An unidentified homeless man sleeps in a bus shelter near the Safeway at Seventh Avenue and Cabrillo Street during the recent inclement El Nino weather that hit San Francisco.
Andrea Coleman, 63, said she is a native San Franciscan who has been homeless for “years” and she has been on a waiting list for about two years for housing. She praised the volunteers working at this temporary shelter.
“These people have been so nice to us,” said Coleman. “I started not to even come because of how the other shelters treat you. … They treat us like we’re human beings and it feels good.”
She heard about this one at the St. Anthony’s shelter, which did not have room for her. She said she got a bus ride out to the shelter and she was grateful to get out of the rain, describing the difficulties of being on the street during storm season, scavenging for plastic to cover herself at night and stay dry.
“Oh it’s dreadful to sleep on a concrete floor, on the sidewalk, cold all night,” she said. “I went to a construction site and found plastic.”
She also was very grateful for the steak sandwich they provided.
“It was a meal, a whole sandwich and cheese.… I don’t eat that much because I’m not used to eating.”
James Cota, 52, originally from Santa Cruz, said he has been homeless for more than three years and he is also on a waiting list for housing.
“I’m patient,” said Cota. “I’ve been in the storm for the last three weeks. I’ve been in the storm practically every night and the conditions are tough. There have been one or two nights I was able to get into St. Mary’s. Sunday is the day they pass out new tickets so once all the bed mats are given, you’re on standby. And once standby is at capacity then the pop-up shelter opportunity, SF HOT lets us know where they’re at.”
Jennifer Friedenbach is the executive director of the Coalition on Homelessness SF and she said the City’s Human Services Agency, which oversees most of the city-run homeless services, has been hearing about the inadequacies of the temporary shelter system from homeless advocates.
“They’ve gotten a lot of feedback, and they’ve been adjusting, that the criteria was too stringent and also the (weather) predictions aren’t always right,” said Friedenbach…. “From our perspective it wasn’t working because we had a whole bunch of downpours where no shelters opened up.
“We really wanted to get some capacity out on the west side as well because that is an area that generally gets pretty ignored in terms of resources. So, we were happy to see that the county fair building opened up,” she said. “We were really frustrated at the first part, where they weren’t really getting the word out and they took too long to open up stuff. … But our recommendations that we’ve given they’ve adopted in how to get the word out.”
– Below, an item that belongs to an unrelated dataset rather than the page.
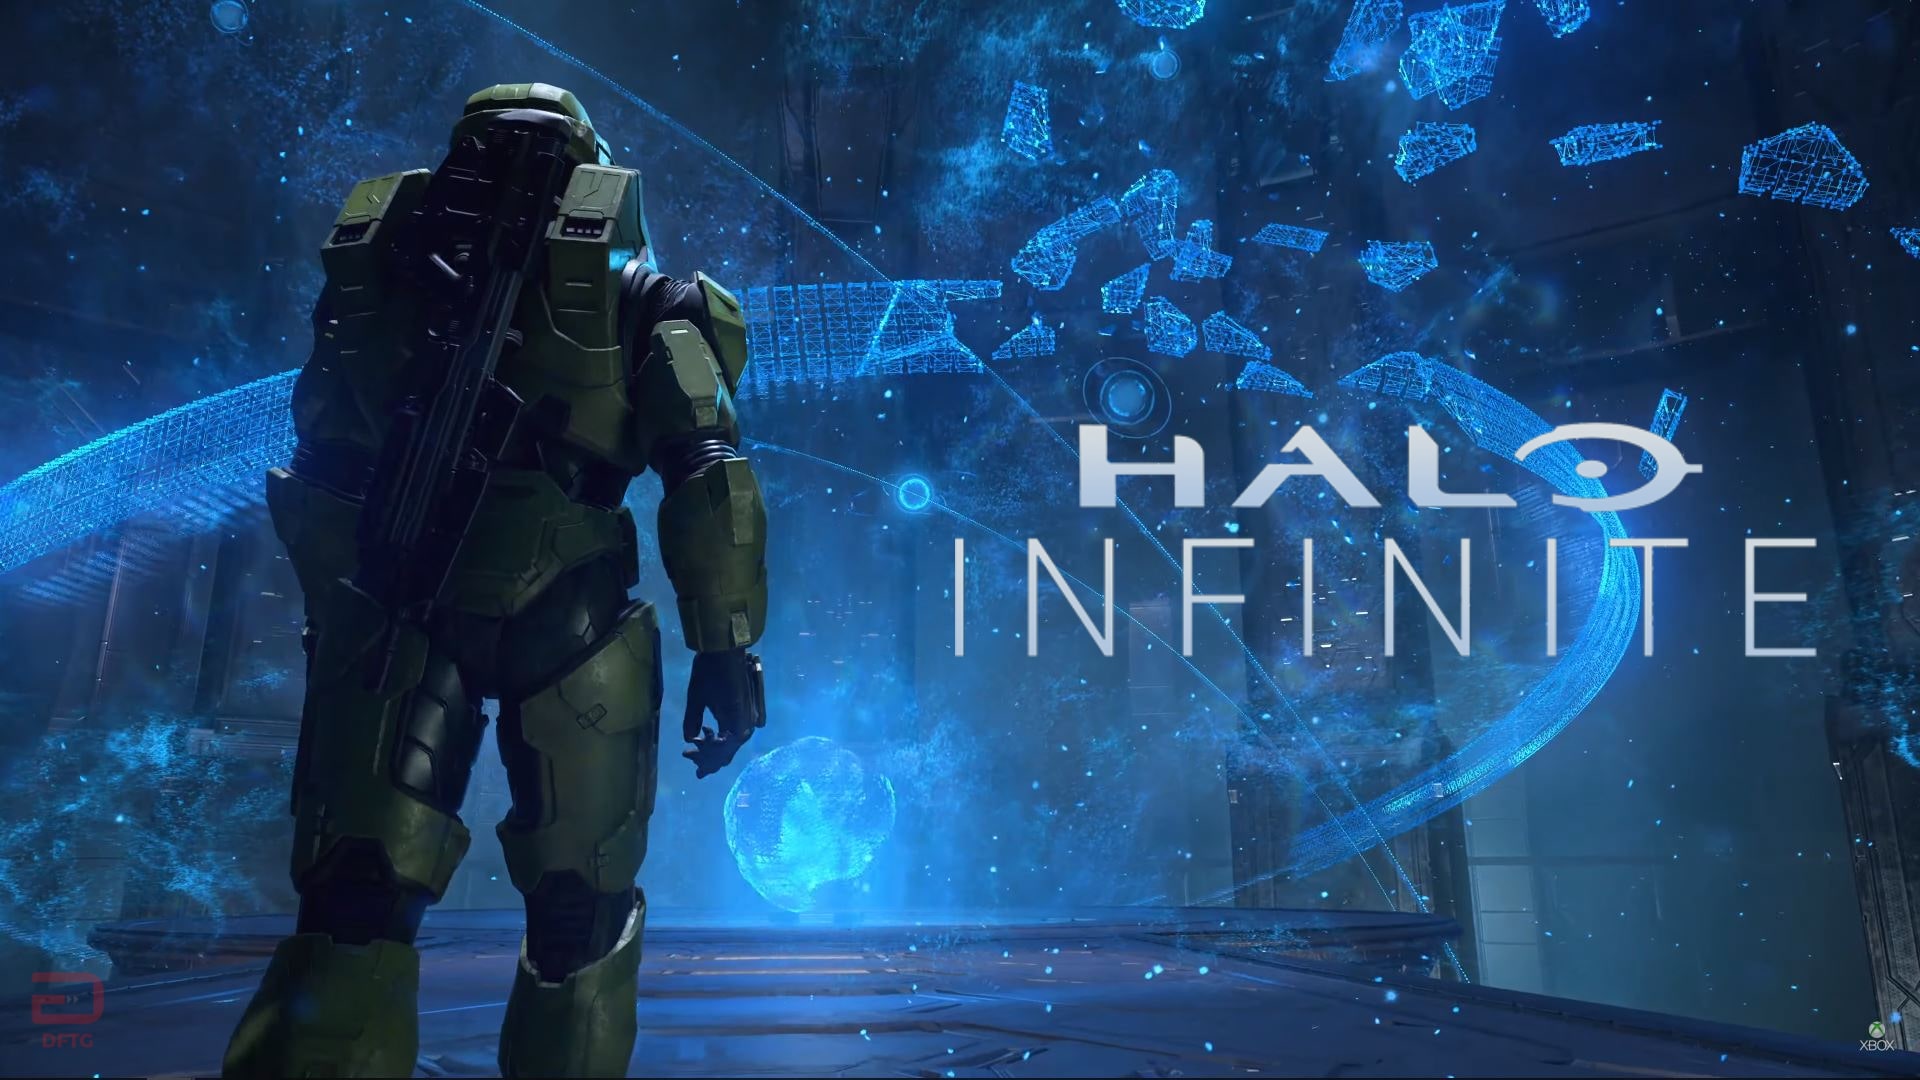 Halo Infinite HD Wallpaper - KoLPaPer - Awesome Free HD ...

She also said the homeless on San Francisco's west side are not all that different from the homeless in many cities.
“There’s a lot of people living in their cars,” she said. “When we do outreach out there it’s a lot of people who grew up there.… People tend to stay close to their communities when they’re in trouble because that’s where their support systems are. It’s people you’re going to look at and not realize that they’re homeless. It’s the nature of homelessness; in all municipalities, as well as San Francisco, the overwhelming majority of people who are homeless in San Francisco became homeless as San Franciscans.”
She acknowledged that the popular perception is many of the homeless are transients from somewhere else who to come here to take advantage of the City’s homeless services.
“That’s the line because that gets the policymakers off the hook and that makes people more comfortable not really empathizing with folks who are homeless,” Friedenbach said.